Set in the days leading up to and immediately after Hurricane Katrina, this National Book Awardwinning novel follows a black family in Mississippi as it prepares for, and recovers from, disaster. Esch, a pregnant teenager, is at the center of the story. A fierce, mythology-loving young woman, she’s quick to connect the events of her own life with those of the Greeks.
For all the devastation at its core, this is an insistently hopeful book. As our reviewer put it: “It wants to teach you how to wait out the storm and swim to safety.”
COAST DWELLERS: “The Water Will Come,” Jeff Goodell
(nonfiction). “Sea-level rise is one of the central facts of our time, as real as gravity,” Goodell writes in his book (2017). “It will reshape our world in ways most of us can only dimly imagine.” This book takes us there, to a place where we can picture Miami completely underwater.
Goodell, who has written other books about climate change, here travels to cities like Lagos, Rotterdam and Venice — that are at risk of vanishing if the rise in water follows current projections.

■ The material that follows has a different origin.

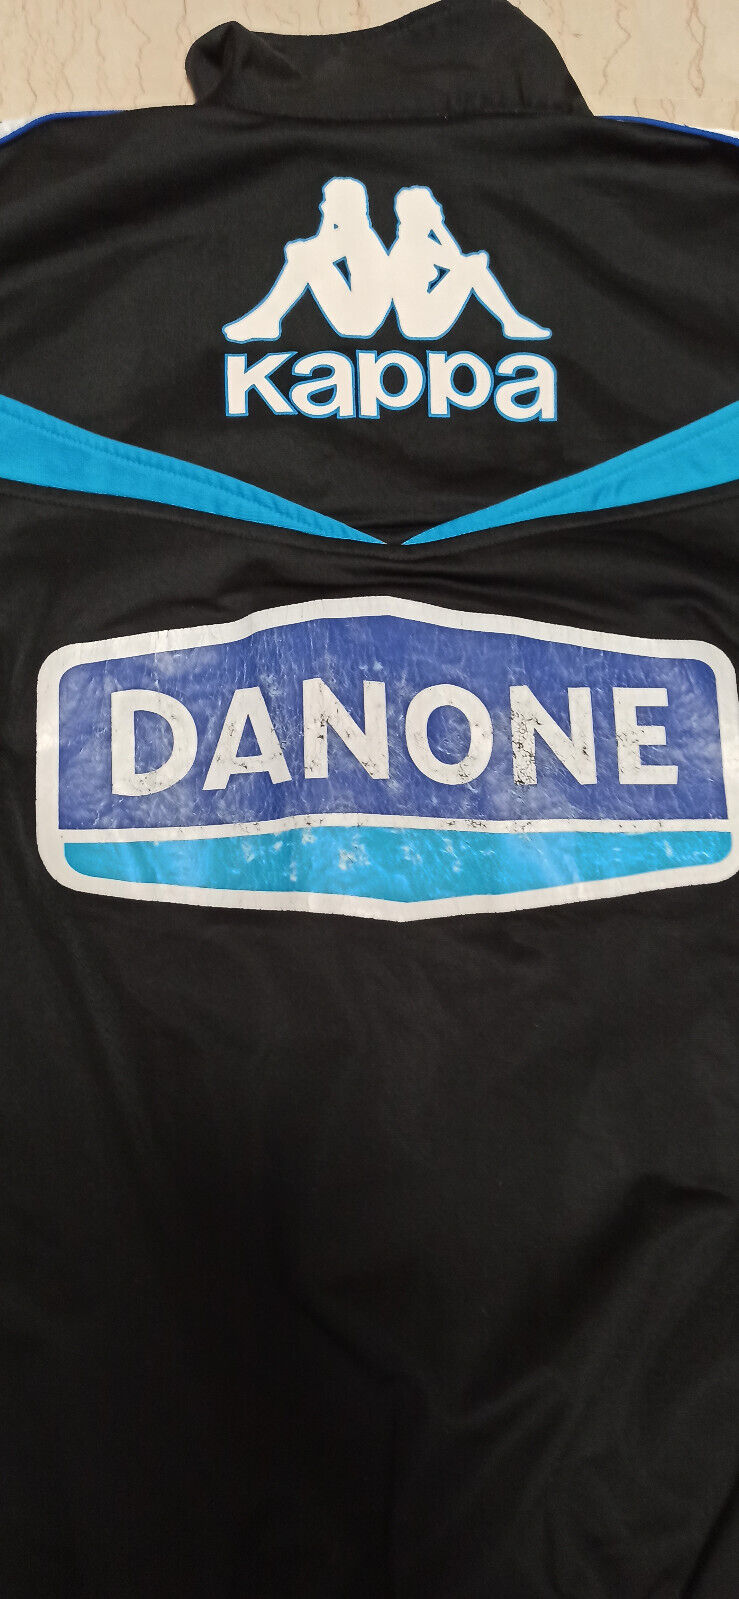 maglia calcio Baggio Juventus Vintage giacca jacket Danone tracktop track Kappa

Maybe the most interesting element he explores is people’s inability to see the rising tide. Talking to an influential developer in Miami, Goodell asks if he’s worried about the future when the ocean takes over. He isn’t, he says. “Besides,” the developer adds, “by that time, I’ll be dead, so what does it matter?”
WHAT WILL
INSPIRE FUTURE ACTIVISTS?
“Our House Is on Fire: Greta Thunberg’s Call to Save the Planet,” Jeanette Winter
(for kids). With charming artwork and straightforward language, this picture book (ages 3 to 8) uses the life story of the young climate activist Greta Thunberg to help kids understand climate change — and to give them a sense of what they can do about it. By following Thunberg’s story — who at 15 decided she wouldn’t be complacent about the crises she kept hearing about — readers can see how powerful individuals can be when they decide to act. Though it’s aimed at informing and motivating, the book, like Thunberg, is also about urgency. Her dramatic words guide the tone: “I don’t want you to be hopeful. I want you to panic … I want you to act as if our house is on fire. Because it is.”